2015-11-04 3 views
-1

Я разработчик Python, который в настоящее время работает над проектом, который связан с NLP и NLTK. В этом проекте потребуется огромное количество данных для целей анализа инцидентов. Поэтому для этого я дал 2 вопросаscrap Wikipedia, управляйте этими данными с помощью кластеризации

  1. Где я могу найти такой большой объем данных. Мое первое предпочтение - Википедия, но я не знаю, как получить доступ к данным из него? Должен ли я отказаться от Википедии?

  2. Как мне организовать все эти данные, чтобы у меня был лучший результат поиска? Будет ли K-означает кластеризацию?

+1

Извините, но ваши вопросы слишком широки для SO. SO в основном касается вопросов конкретных проблем программирования, связанных с кодом. –

+0

Посмотрите на https://github.com/alvations/SeedLing, чтобы иметь дело с копиями Википедии. – alvas

+0

FYI слово «scrape». – alexis

ответ

0

Я не знаю ответа на ваш второй вопрос. Но для вашего первого вопроса вы можете получить снимок данных wikipedia. Вы можете проверить это link, где сама Википедия описывает различные способы использования своих данных в зависимости от типа приложения, которое вы хотите создать. Обратите внимание, что Wikipedia не рекомендует выполнять сканирование веб-сайта во время выполнения.

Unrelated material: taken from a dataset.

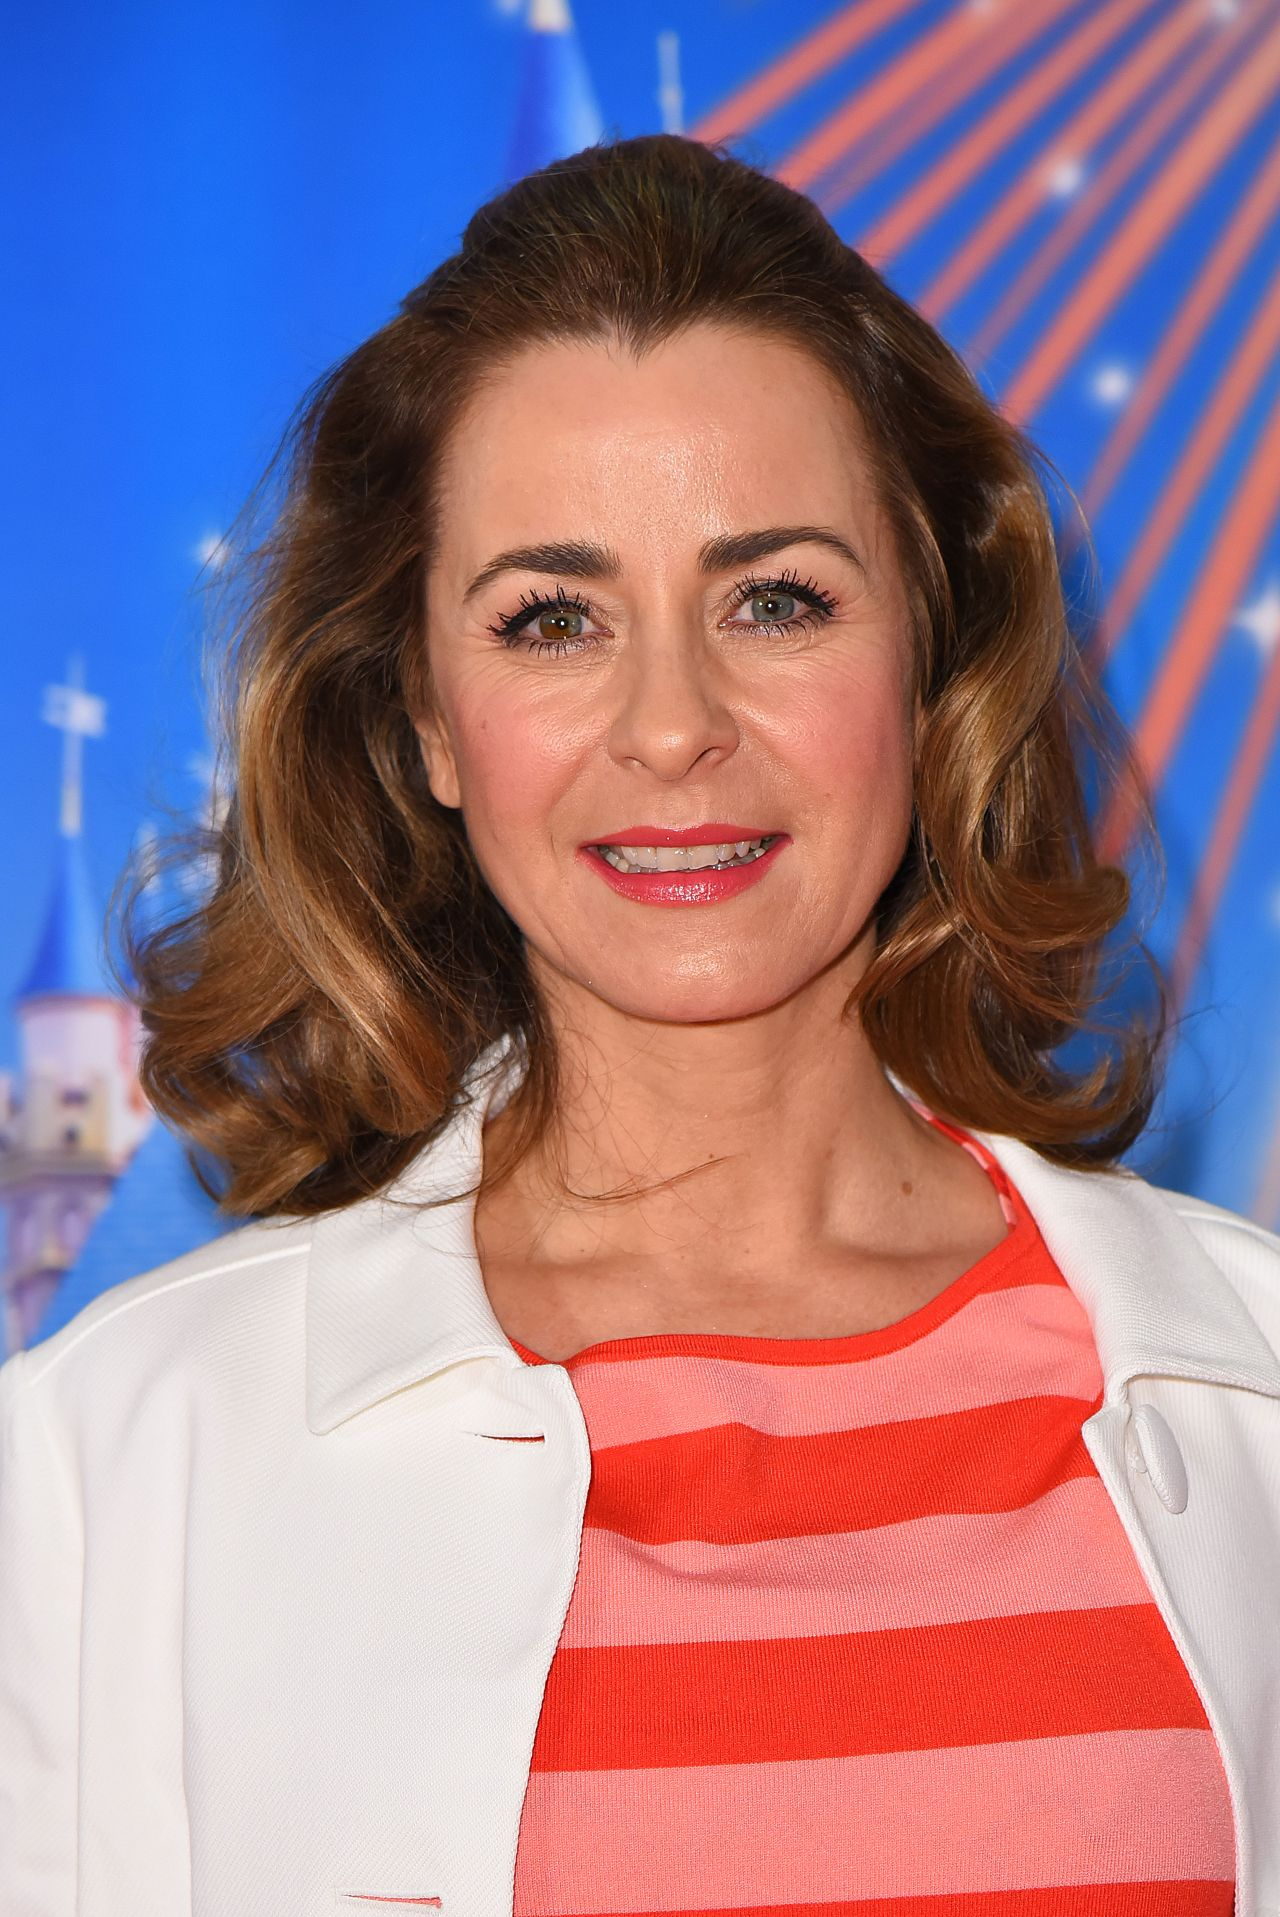 Bettina Cramer – 'Disney on ice' Premiere in Velodrom, Berlin 3/2/ 2017

В частности, я чувствую, что вы можете загрузить XML-дампы своих данных для использования вами случая.

0

Ответ на первый вопрос:

Кроме соскоб с использованием пакетов, таких как BeautifulSoup или Scrapy есть некоторые интерфейсы API, как wikipeidia in python, которые могут быть использованы для получения данных из Википедии

+2

Если вы хотите полностью загрузить английскую Википедию, получение [dump] (https://dumps.wikimedia.org/) намного лучше. – tripleee

-1

Ваш вопрос немного бит слишком широк для обсуждения здесь, но я могу дать вам некоторую идею (основанный на моем собственном опыте) о том, что вы просили:

Прежде всего, вам может потребоваться создать (или использовать) веб-сканирование ro бот или что-то, чтобы извлечь тексты из ваших желаемых веб-сайтов. Для целей анализа инцидентов, возможно, википедия не так хороша. Возможно, сети новостей работают лучше на вашем деле, так как они лучше классифицируются о вещах, включая инциденты. Я мало знаю о сканерах Pythonic, но однажды использовал BeautifulSoup, чтобы извлечь тексты из блога, которые были достаточно хороши для моей образовательной цели.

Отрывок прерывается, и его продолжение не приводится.